Directions for this task
Start with the line that holds "Aprenda a preparar". Please copy it and each remaining line below exactly, leaving pictures out.

Information provided
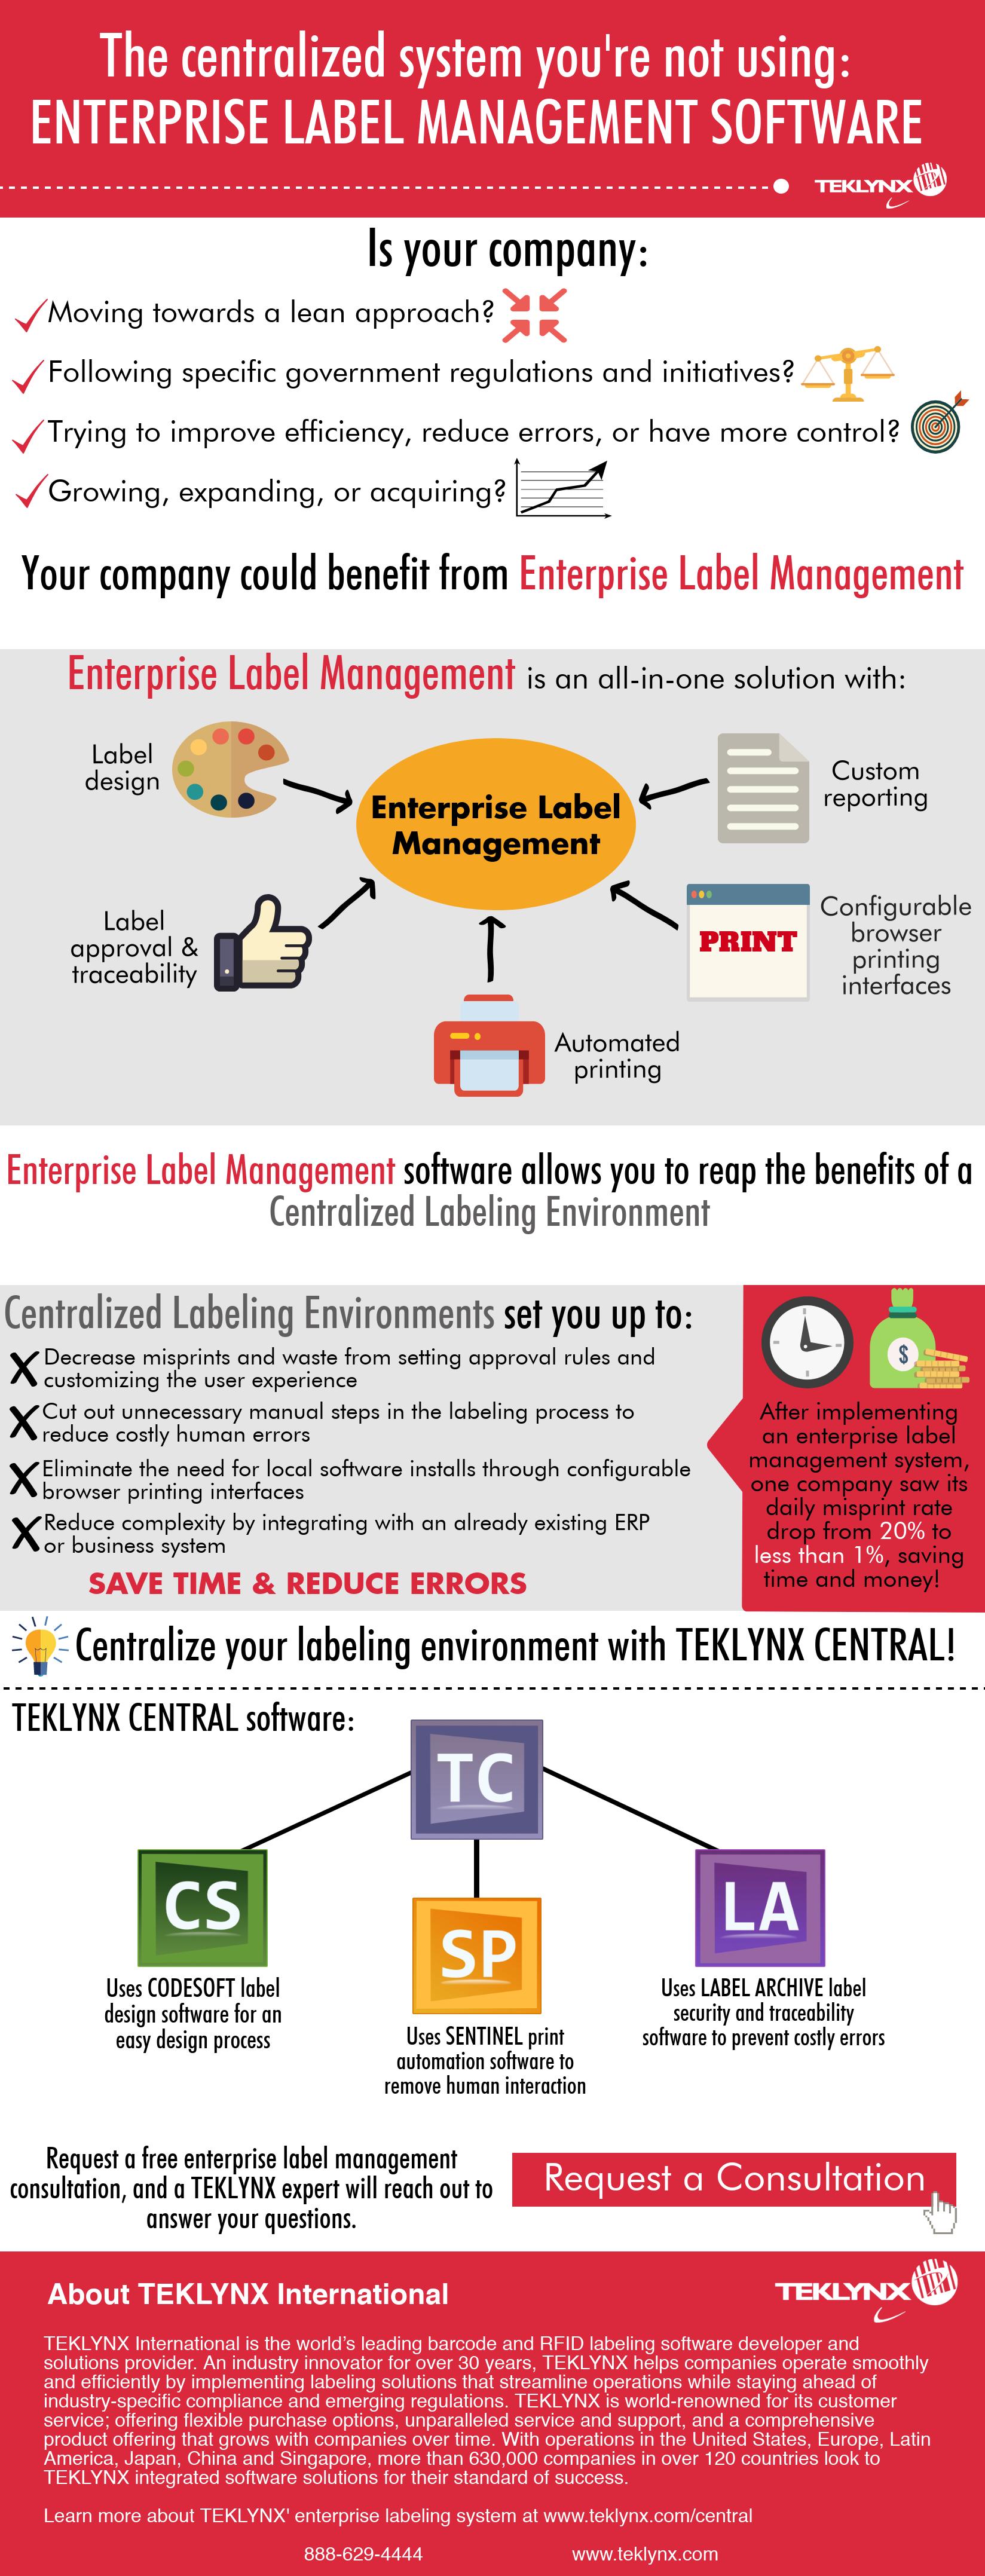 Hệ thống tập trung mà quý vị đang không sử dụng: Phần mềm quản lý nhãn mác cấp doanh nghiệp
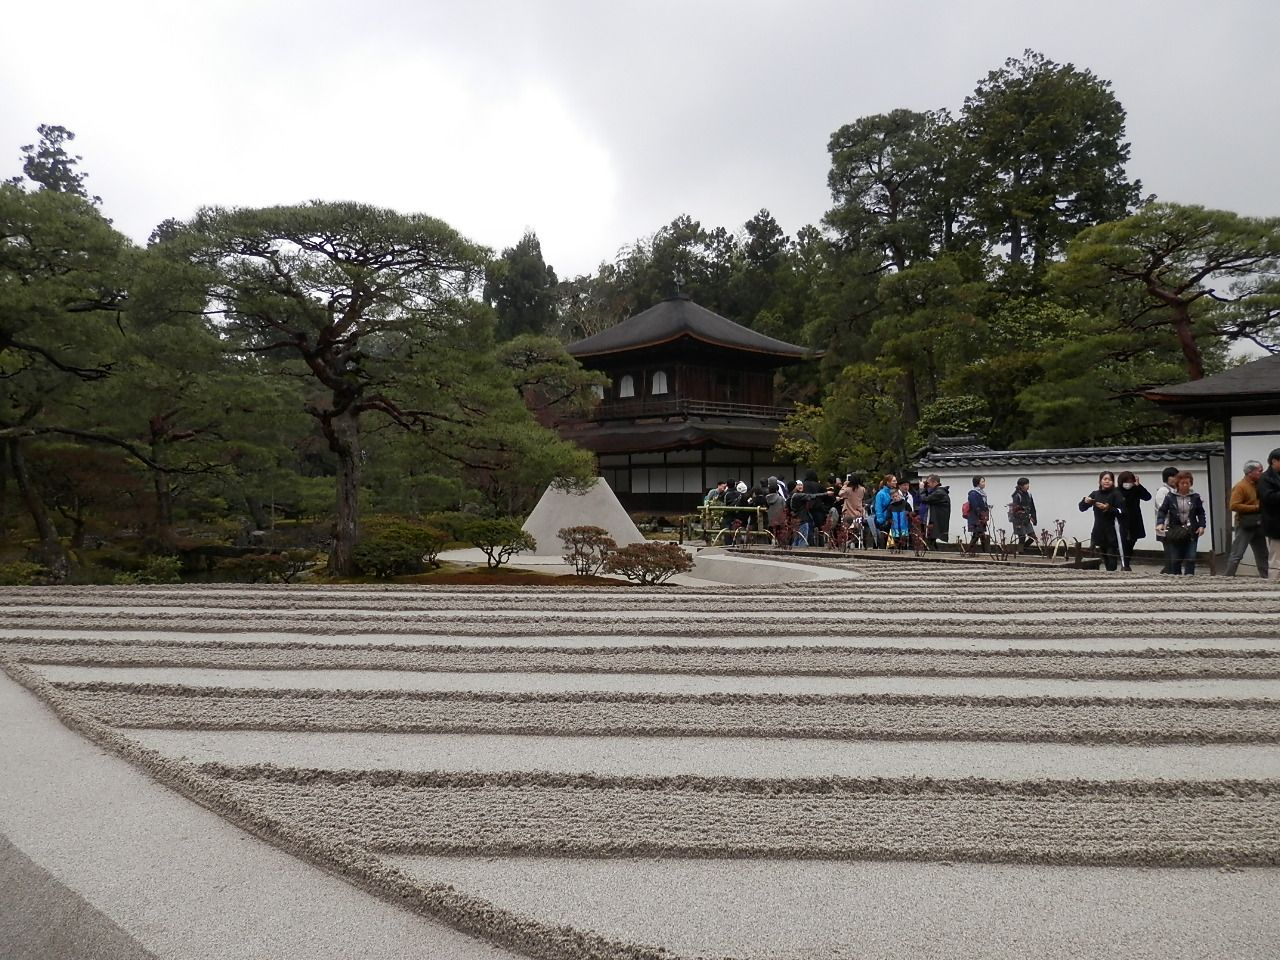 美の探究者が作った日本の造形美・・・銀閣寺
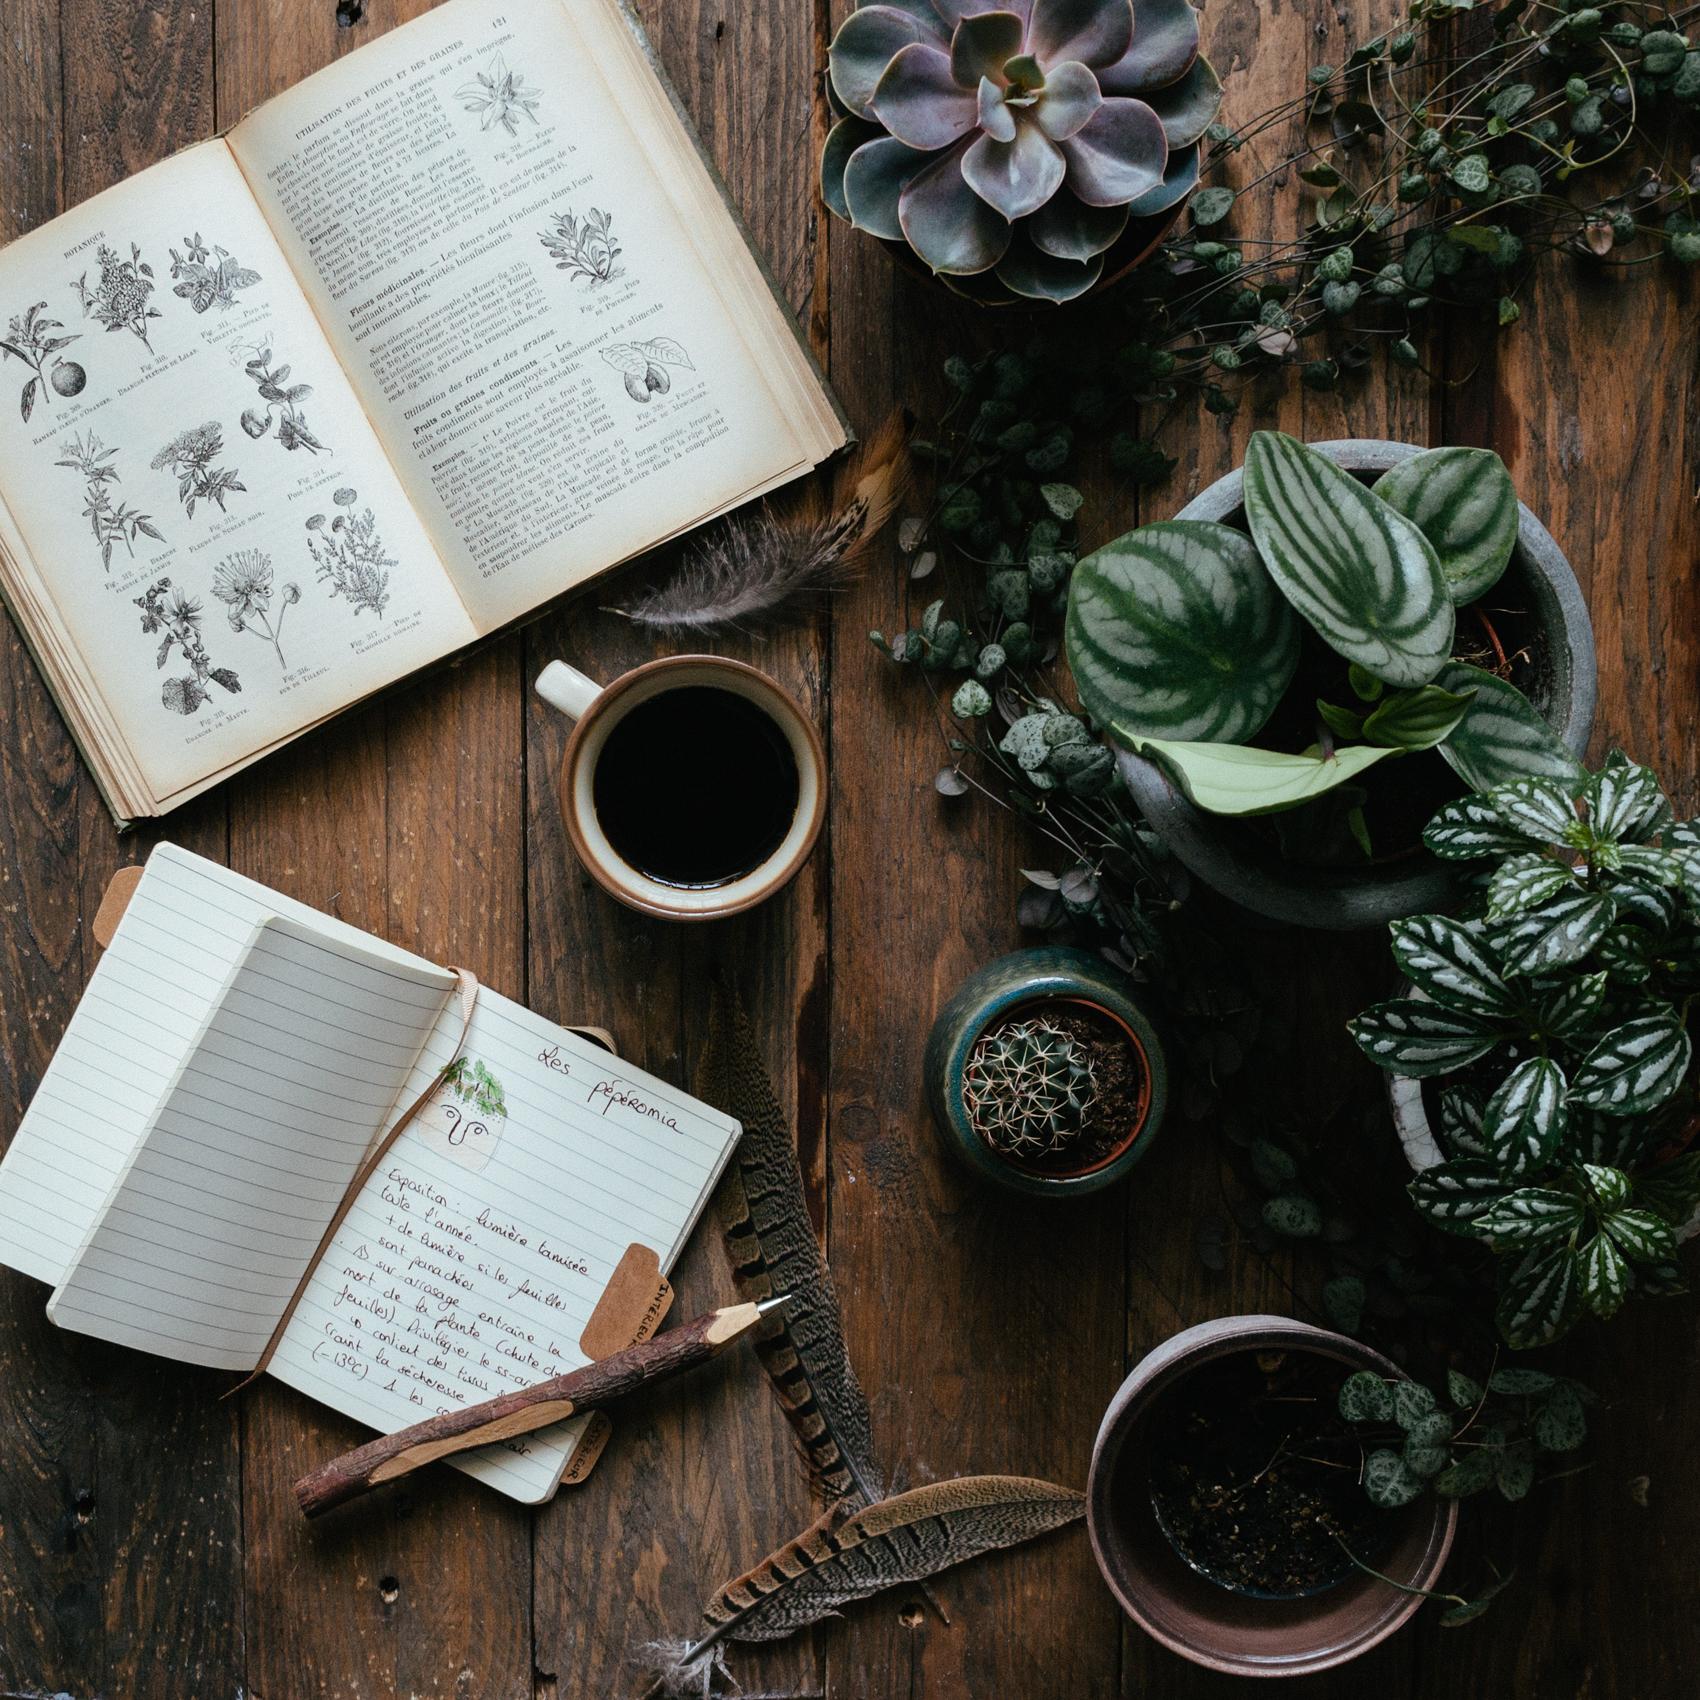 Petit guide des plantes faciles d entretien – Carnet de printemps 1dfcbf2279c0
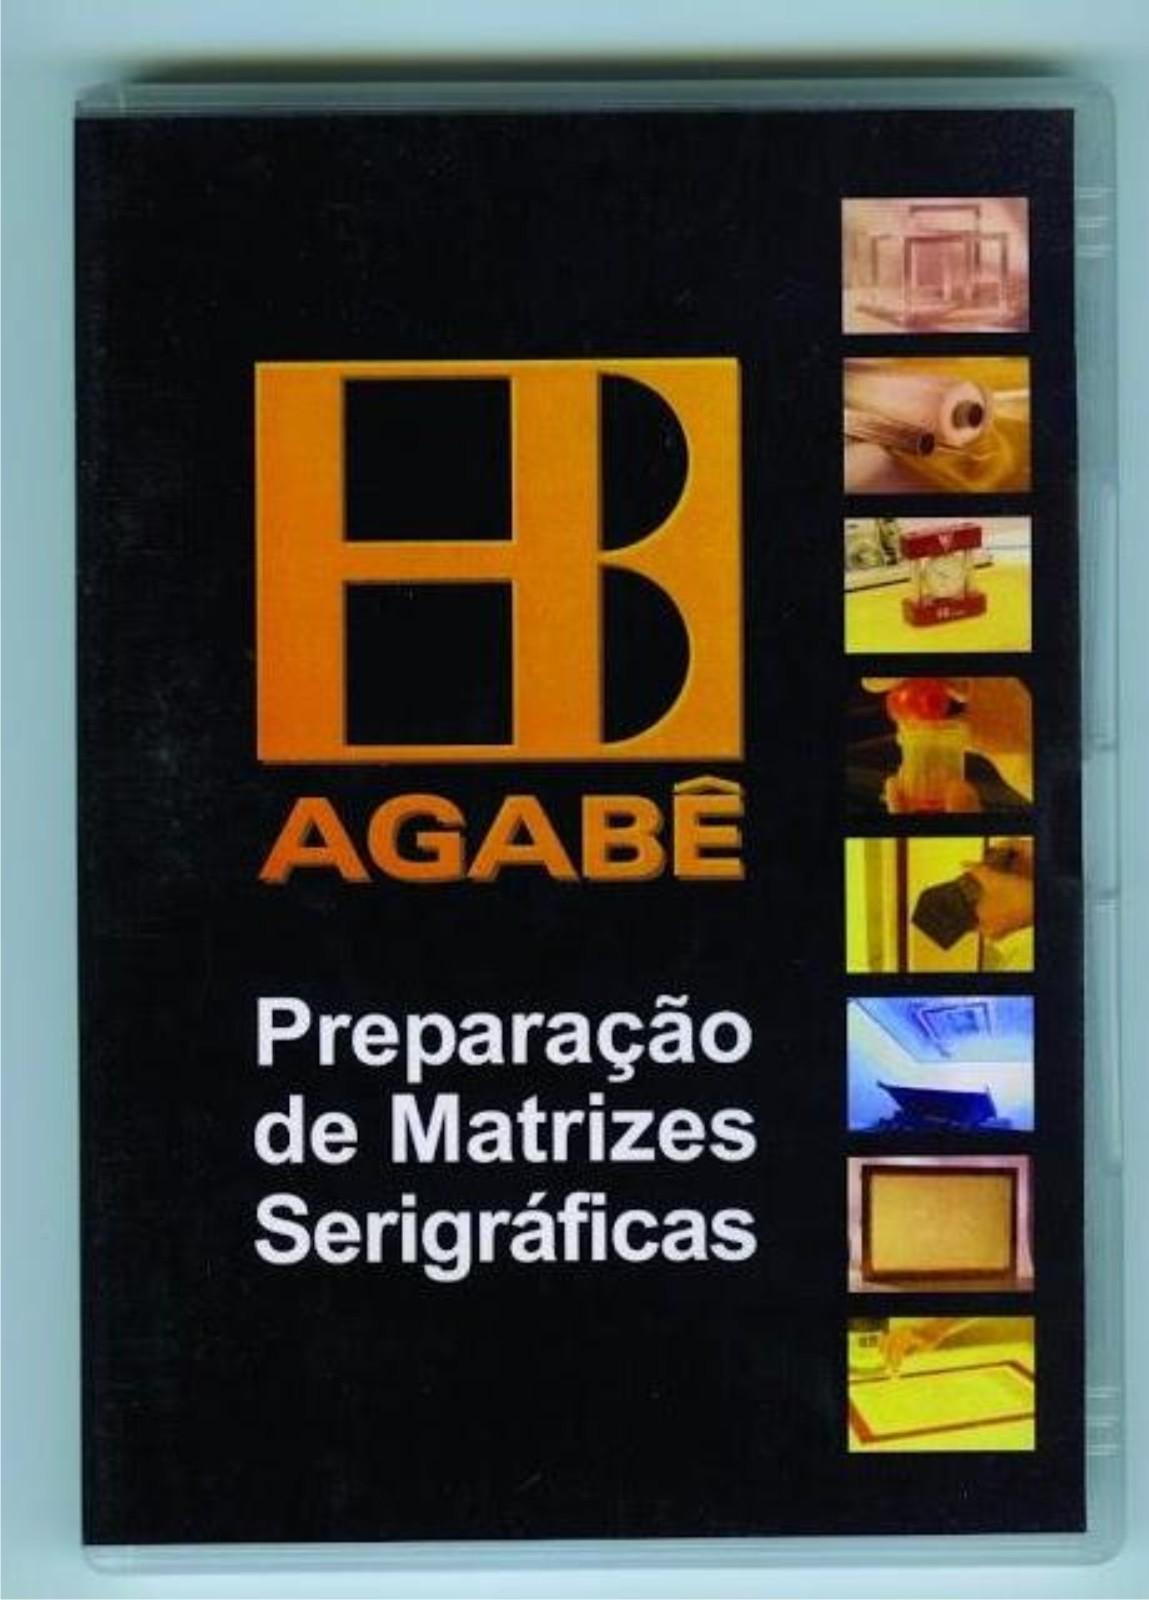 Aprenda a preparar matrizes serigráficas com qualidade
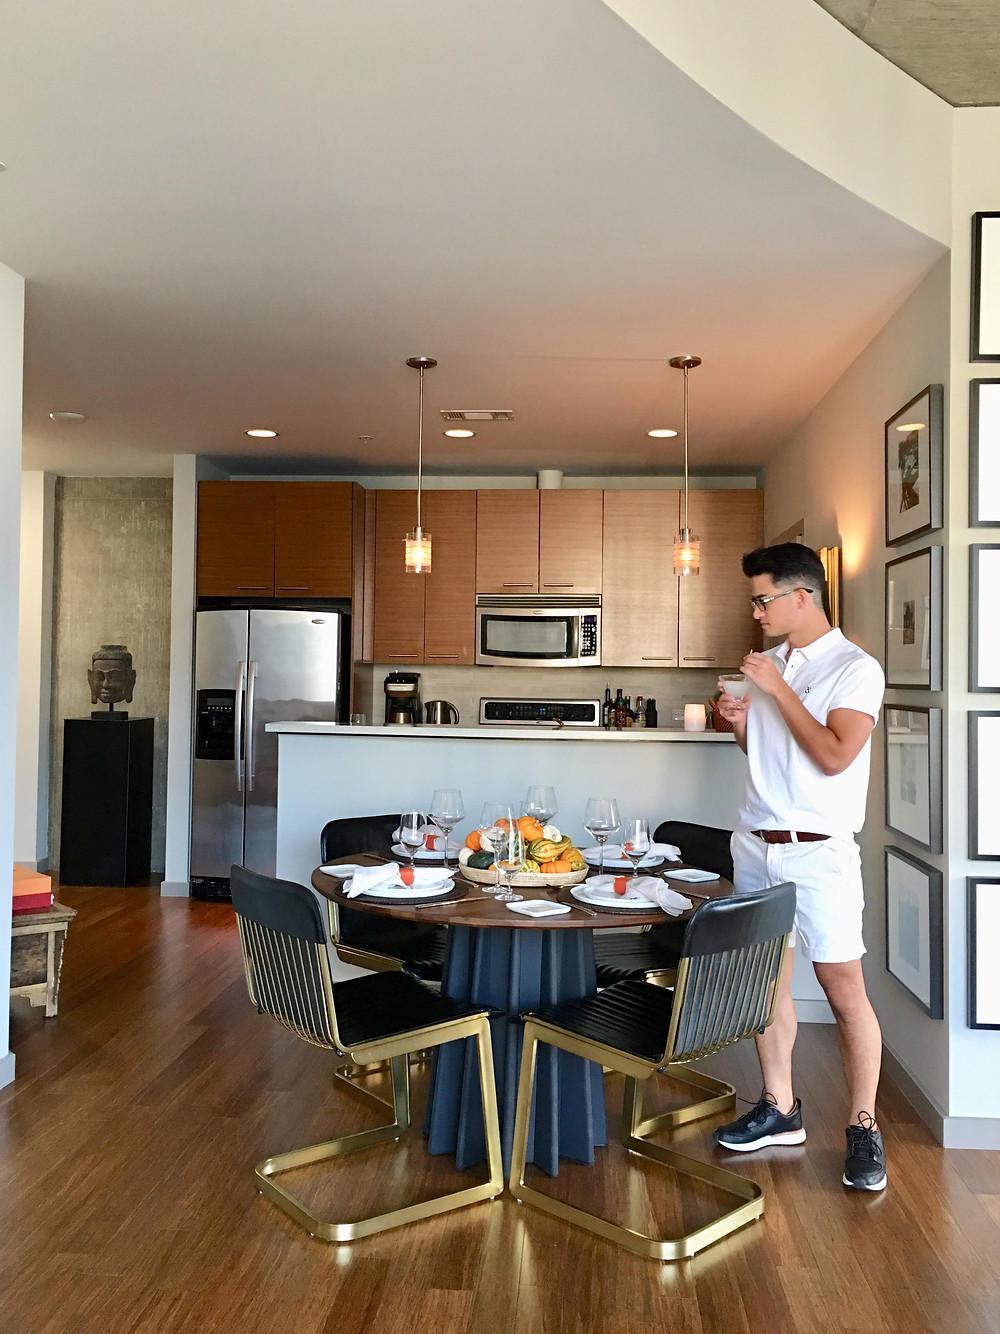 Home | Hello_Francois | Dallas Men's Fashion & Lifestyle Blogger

Solution
 Aprenda a preparar matrizes serigráficas com qualidade
 Home | Hello_Francois | Dallas Men's Fashion & Lifestyle Blogger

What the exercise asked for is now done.